As SLDC president and CEO Stephen Westbrooks and many others have noted, the damage from the tornado didn’t spawn new challenges for St. Louis as much as exacerbate ones that already existed.

“There was a need for coordinated action and investment before,” he says. “The tornado dramatically emphasized the need for that action, that coordination, and intentionality around investment and layering capital, where it needs to go to help support thriving communities.”

Halliday says it’s also essential for the development agency to execute projects where it doesn’t need to wait for approval or help from other government agencies. To that end Halliday has identified some 1,450 lots owned by the city’s landbank, the Land Reutilization Authority, that SLDC can make ready for a developer to build upon.

“We’re doing that deliberately by saying we can control this land, it in-fills this city block, that’s the purpose,” he says. “We do that city block by city block, and it would be done in a way that it’s done at a level or at a scale for remediation where we get some level of efficiency, so we can use heavy equipment.”
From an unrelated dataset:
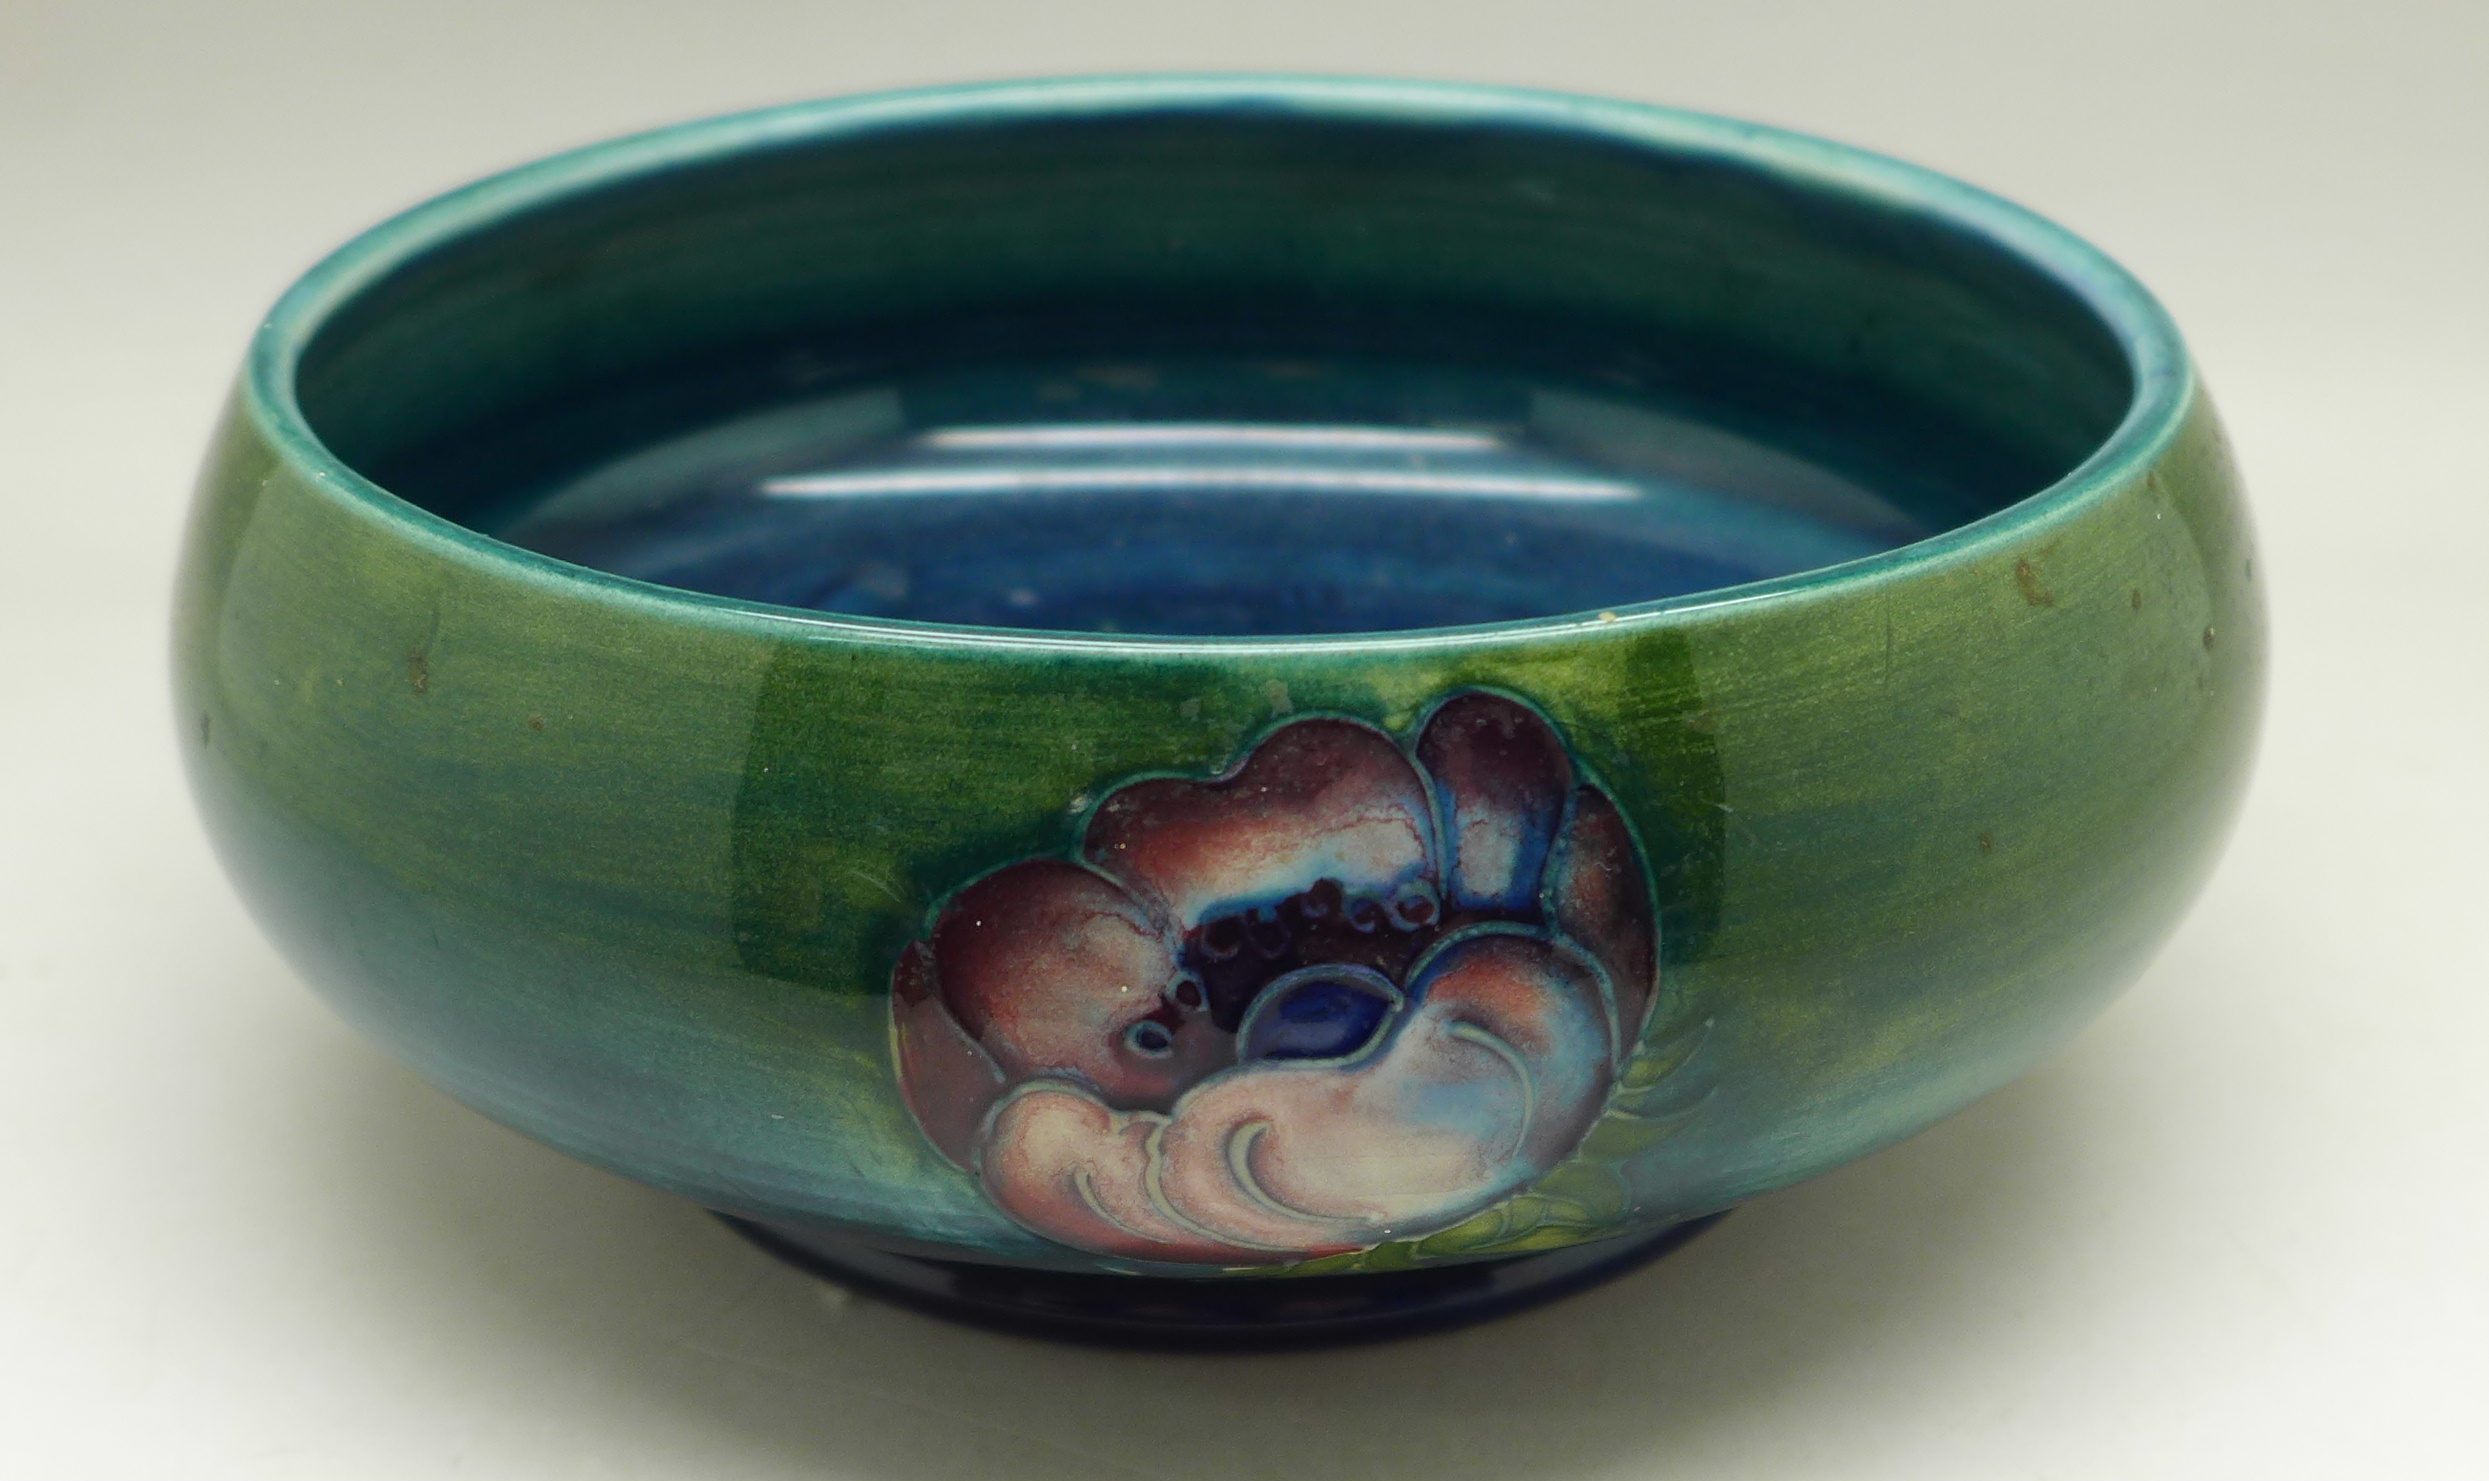 A Moorcroft anemone dish, 13.5cm diameter - Image 3 of 5

There’s a chance that the LRA sites need remediation or other predevelopment work that would keep home builders from being interested, Halliday says. He adds the first set of lots will be cleared in the coming months after SLDC solicits and picks a contractor for the work. 

Halliday expects the agency will likely have to adjust as challenges arise, though initially he sees SLDC bringing tracts of between 3 to 22 acres to the development market at a time.

“We’re trying to compare it to what a residential developer would expect in a green field suburban development,” he says. “That homebuilders turn up and build a house, and they know what they’ve got in terms of the ground, they know that the utilities are in a set location, they know that the construction pad is prepared and ready for a build.”

Halliday acknowledges newly constructed homes are likely to cost more than what the real estate market can currently support, making it critical for SLDC to resume homebuyer assistance programs, such as HomeSTL, and find other resources to bridge the gap between builders and buyers. He adds it’s just as important to protect existing residents from displacement, with SLDC also exploring ways to implement tax abatement strategies similar to what was established for residents in the neighborhoods surrounding the new National Geospatial-Intelligence Agency headquarters.

In addition to infill housing, Halliday says he’s tracking—and seeking to support—over 70 existing or proposed developments, such as a new senior housing and grocery store along Natural Bridge Road, as well as ones along MLK, including a roughly $1 million construction project to turn a vacant building into small business incubation space.

The corridor along MLK is a key focus, with SLDC having helped apply for a grant from the U.S. Department of Transportation to fund surface transportation infrastructure projects along it, with selections expected to be revealed this summer. Halliday says the up to $25 million grant is meant to support what is already laid out in neighborhood plans adopted by the city and the work that organizations such as 4theVille are already doing.

“The community has already spoken,” he says. “Our job is to help deploy it.”